Lifeguard (Heather Cameron) is a character, a superhero appearing in American comic books published by Marvel Comics. Created by writer Chris Claremont and artist Salvador Larroca, the character first appeared in X-Treme X-Men #6 (December 2001). She is primarily associated with the X-Men.

Lifeguard is a mutant, gaining whatever superhuman abilities are needed in a life-threatening situation. She and her brother Slipstream were briefly members of the segment of X-Men featured in the series X-Treme X-Men.

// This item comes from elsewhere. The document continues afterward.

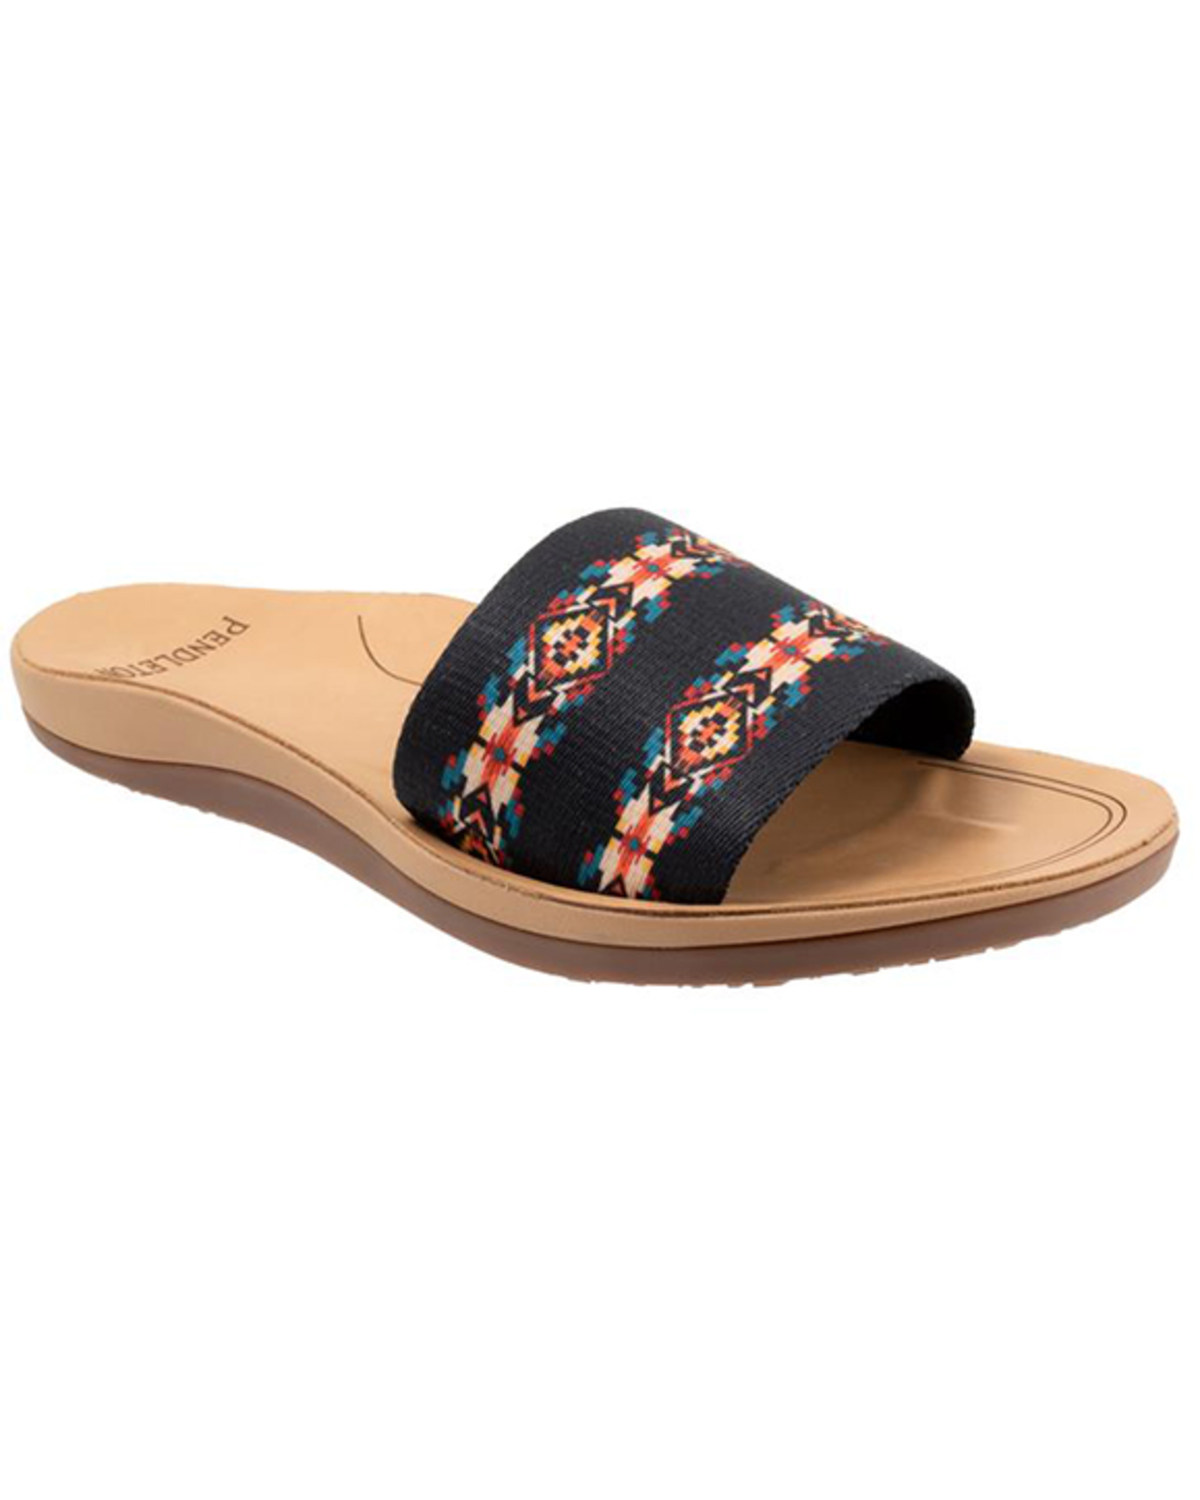 Pendleton Women's Carico Lake Slide Sandals

Fictional character biography

X-Treme X-Men

Heather and Davis Cameron were a lifeguard and a surfer, respectively, living in Surfers Paradise in Australia. Unbeknownst to them, their father is an underworld crime lord known as Viceroy, and upon his death they were attacked.  Together with Storm and Neal Shaara (the new Thunderbird), they managed to defeat their attackers. Heather discovered she was a mutant with the power to manifest whatever was necessary to save the life of someone in danger around her, including her own.  Her power enabled her to manifest wings, golden armor, the ability to breathe underwater, and many other less noticeable adaptations. Heather soon joined the splinter team of X-Men, and formed a romance with Thunderbird.

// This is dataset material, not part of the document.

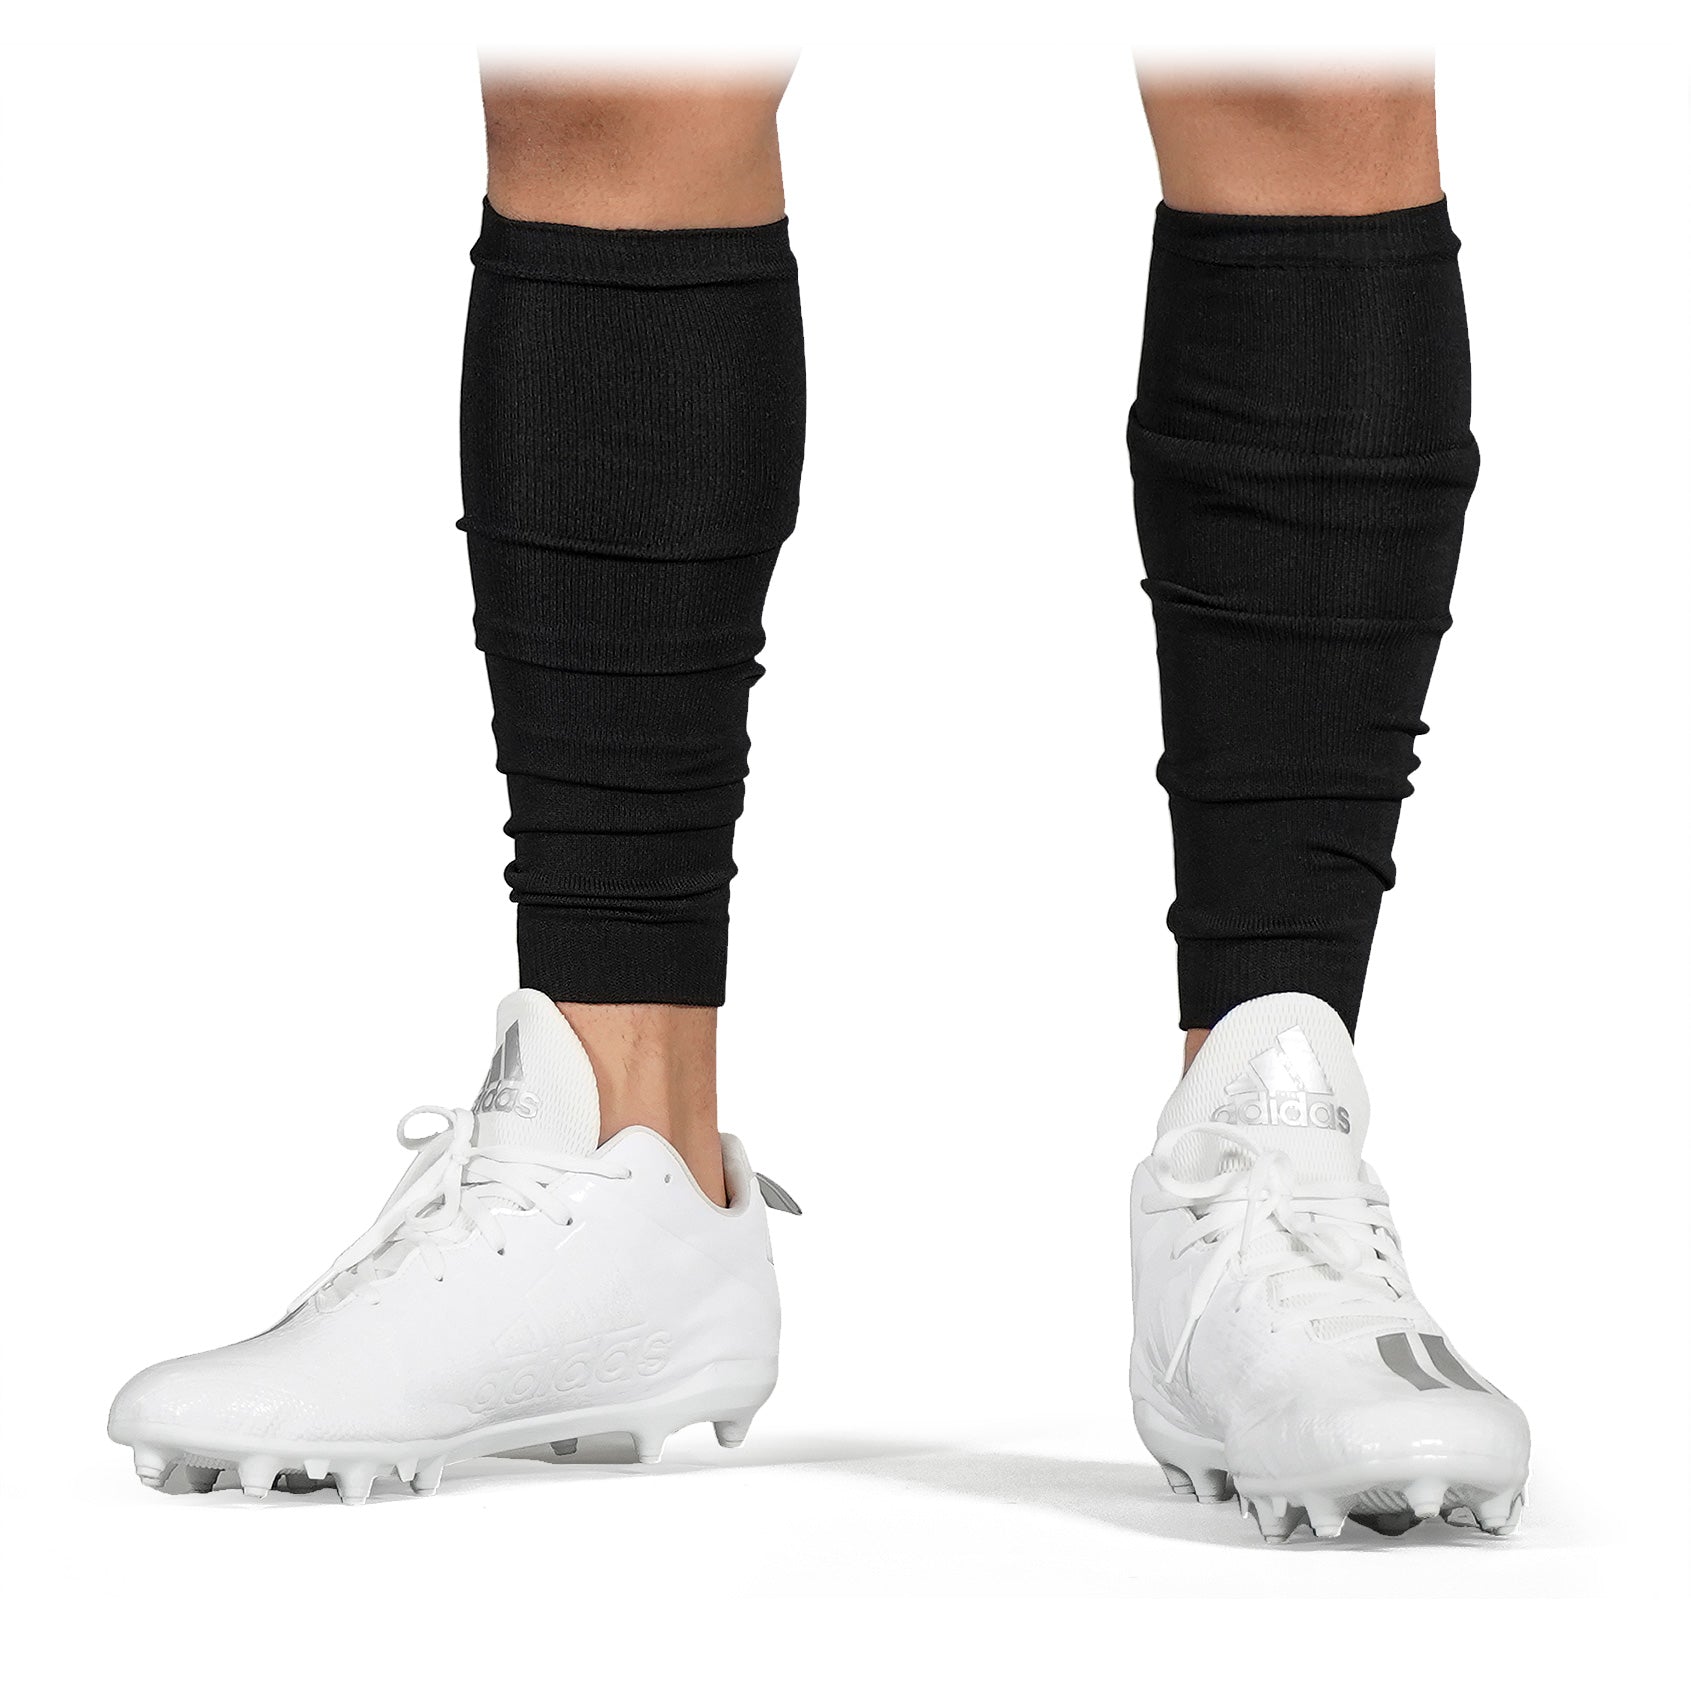  SLEEFS Calf Compression Leg Sleeves - Football Leg Sleeves  For Adult Athletes - Shin Splint Support

During a mission to infiltrate the ship of the intergalactic warlord, Khan, Heather's appearance changes to resemble the alien Shi'ar race, and it was theorized that she and Davis had some Shi'ar heritage. Jean Grey notes that the cranial markings on her head and the crest of feathers she had manifested indicated Heather is of Shi'ar royal ancestry. Also, an entry from Destiny's diary seems to imply that Heather and Davis were "Mothered by War," or Deathbird. The entry shows a picture of Deathbird and some of the X-Treme team. Her brother, unable to see past her new, alien appearance, leaves the team. Lifeguard and Thunderbird travel in search of him.

The Xavier Institute
Months later, Lifeguard and Thunderbird returned to the X-Men, apparently not locating Slipstream. Together with Thunderbird, she joined the X-Corporation. However this only lasted weeks, as there was a synchronized attack on several of the X-Corporation offices after the catastrophic events of M-Day, leading Cyclops to call for the disbanding of all offices.

Heather is one of a handful of mutants to have retained her powers in the wake of House of M. Still involved with Thunderbird III, she was not active in any X-Men roster, though the 198 Files verified her location as residing at the Xavier Institute for Higher Learning.

Utopia
Heather later resurfaces after the events of Schism as a member of Cyclops' street team with Boom Boom and Dazzler in San Francisco and Utopia.

Powers and abilities
Heather's mutant power allows her body to sense and react to any threat by transforming or manifesting a power to deal with the situation (similar to that of the X-Men's Darwin). In all of her appearances, she has only been shown to use this ability while defending herself and others. It is as yet unknown if she is able to use this ability for her own protection. She has a moderate level of control over this power and has sometimes been able to trigger it at will, although she has not displayed any control over the transformations or powers she manifests. Heather has mostly manifested physical changes such as extra arms, armored skin, wings, and a mermaid tail. However, in her first appearance, she also demonstrated hydrokinesis. The full extent of Lifeguard's abilities have yet to be revealed.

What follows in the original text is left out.